In the years before Vitt Factor came into existence, Vittorini said his mind was constantly running in a million directions, working to come up with an initiative that would make a positive difference for the good. His future aspirations were focused on working for himself, making a name for himself while doing so not for himself, but for the betterment of others.
“I was always thinking, what can I do, what can I create to build my future, to make a difference and everything has fallen into place,” Vittorini told Patch on Monday. “I’m learning along the way, but it’s been a really great path so far in seeing all the good that I’ve done, how many people I’ve helped and changed their lives in any sort of way.

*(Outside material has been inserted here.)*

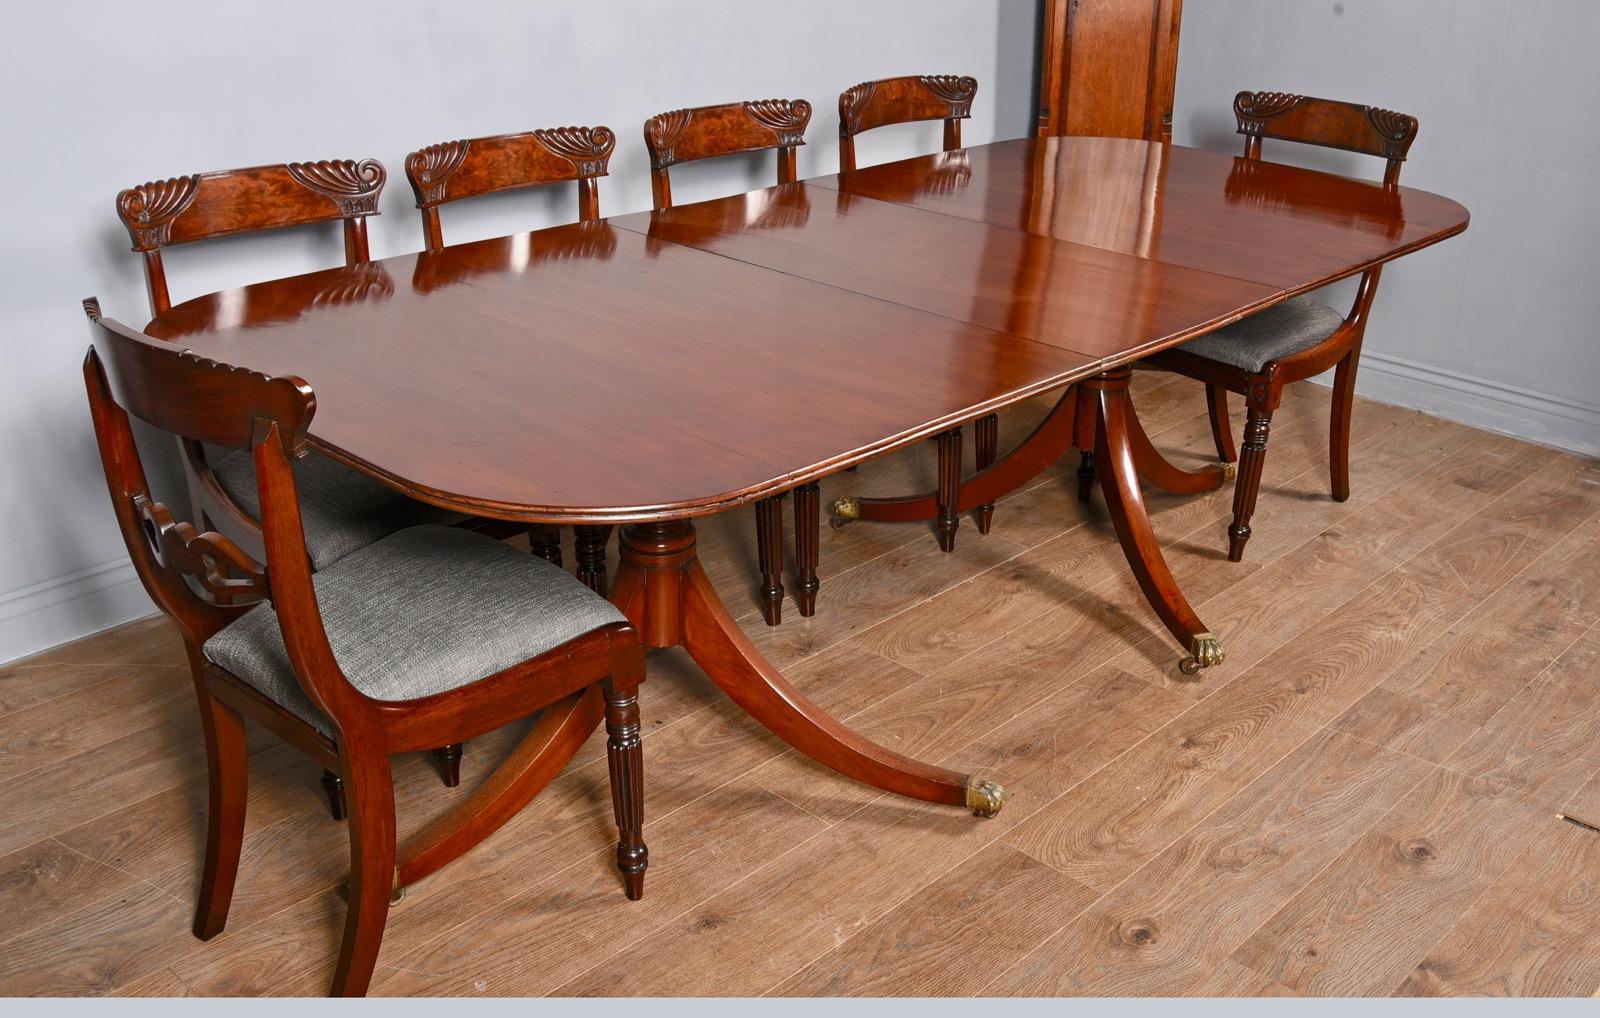 Regency Style Mahogany Twin Pillar Dining Table c.1910 (1 of 1)

And that makes me happy.”
The premise behind Vitt Factor doesn’t go beyond anything more than Vittorini bringing positive change into other young people. His clients range in age between 8 and 15 — all of whom Vittorini reaches where they are to provide them the kind of motivation and coaching they can use. Vittorini established a Vitt Factor Think Tank which consists of 12 people that are motivated young people who have found success in their own way and who help Vittorini plan live events that bring his coaching into large environments meant to make attendees better.
Vittorini has also set up video calls with big business executives who help the 20-year-old focus on where he wants to take a business that consumes much of its founder’s time when he’s not in school. Before starting Vitt Factor, Vittorini worked alongside his mother, Tracy, who also works as a life coach and who provided her son with the opportunity to deal with young people who she felt could benefit from his energy level and desire to want to make a difference in young lives.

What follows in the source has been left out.